I built my own LLM chat, and it’s running offline

Recently, I took on a project to build AChat, a chat application that runs on my local network and operates entirely offline. The challenge was to utilize a powerful AI model, Meta’s LLaMa, while keeping everything on-premise, without relying on cloud services. It turns out, when you have a GPU-equipped server at home, it’s entirely possible to pull off. Here’s how I built it, the technologies I used, and why it was such a rewarding experience.

The Architecture: AI Locally, Without Internet

At the core of AChat is the Meta LLaMa model, which I run using llama.cpp. By using GPU offloading, I’ve maximized the performance of the model, processing all requests locally on my server. This was key to keeping everything offline and independent from external services.

To manage multiple chats and preserve context across sessions, I wrote a backend in Go, utilizing the Gin-Gonic framework. This backend handles queuing, context management, and history.

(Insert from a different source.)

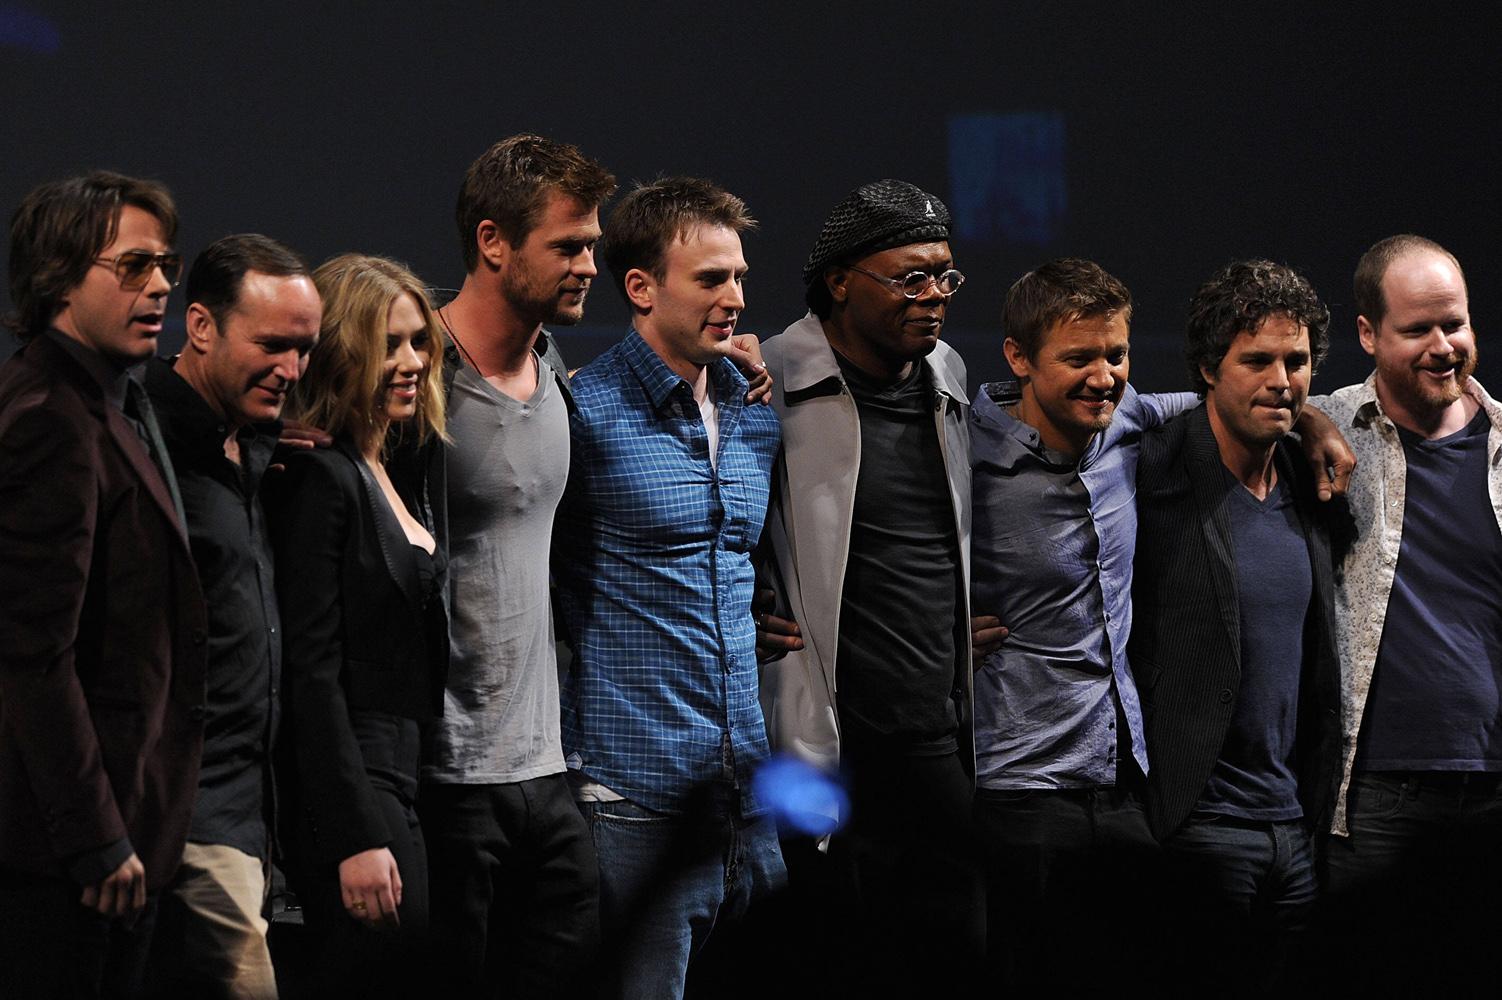 http://4.bp.blogspot.com/-XgeAZxNiBfo/Tb_Dyj4g9NI/AAAAAAAADQQ/hQM8WI6BzeE/s1600/AvengersCast_Cinemacon.jpg

It’s a pretty straightforward architecture but does the job efficiently—allowing multiple users to interact with the model, even resuming conversations from where they left off after closing the app. The model responses are fast, and the entire thing runs without hitting the internet once.

Frontend and Desktop Client

The frontend of AChat is built with WebPack, SCSS, HTML, and TypeScript. This allows users to access the chat from any browser on the local network. But I wanted something even more convenient, so I built a desktop client using Electron. This removes the need to type URLs, providing a native desktop experience with an icon in the Start menu and a simplified, clean interface.

Keeping Everything in Sync: HTTP 2.0 and Server-Side Events

A key part of making AChat seamless was ensuring synchronization between the backend and the frontend, especially since the system needs to handle multiple simultaneous conversations. For this, I used HTTP 2.0 and Server-Side Events (SSE) to ensure that real-time updates could be sent from the server to the frontend with minimal latency. This approach avoids polling and keeps the communication efficient and snappy, even with multiple concurrent users.

Why Go Local?

Running the model locally provides several benefits. First, there’s no internet dependency, which means you get fast responses without the latency of cloud-based services. And importantly, the entire system is under my control, from data management to performance tuning. There’s a level of satisfaction that comes with knowing exactly what’s happening under the hood at all times.

Building the Stack: Rediscovering Full-Stack Development

While most of my recent experience has been in backend development, this project allowed me to dive back into the full stack, and honestly, it was fun. Working with frontend technologies like WebPack and TypeScript took me out of my comfort zone, but it was rewarding to build an interface that looks good and works well.

On the backend, Go was a natural fit for the queuing and context management tasks. It’s fast, and writing clear, modular code in Go helped keep things maintainable. Additionally, integrating with llama.cpp was a great way to bridge AI with Golang and C++, ensuring that the LLaMa model could be efficiently managed and that GPU offloading worked as expected.

GPU Offloading: The Fun of Optimizing AI

One of the most interesting parts of this project was getting the LLaMa model running smoothly on GPUs. Offloading the heavy lifting of the AI model to my GPU-equipped server gave me significant performance improvements. I was able to handle complex conversations at a speed that would be impractical if I had to rely purely on CPU. It felt like I was running a miniature AI lab in my own home.

The Outcome

This was more than just a side project; it was a deep dive into modern AI, full-stack development, and system optimization. I learned a lot by integrating the various components and getting them to work in harmony. Building AChat gave me the chance to play with architecture, write efficient code, and refresh some of my frontend skills. And it was fun. It’s not every day you get to build your own local AI-powered chat, but the process turned out to be both a technical challenge and a genuinely enjoyable experience.

In the end, AChat works just as intended: it runs completely offline, processes conversations quickly, and keeps everything local. It’s become a useful tool in my daily life, and knowing that everything is self-contained and under my control makes it even better.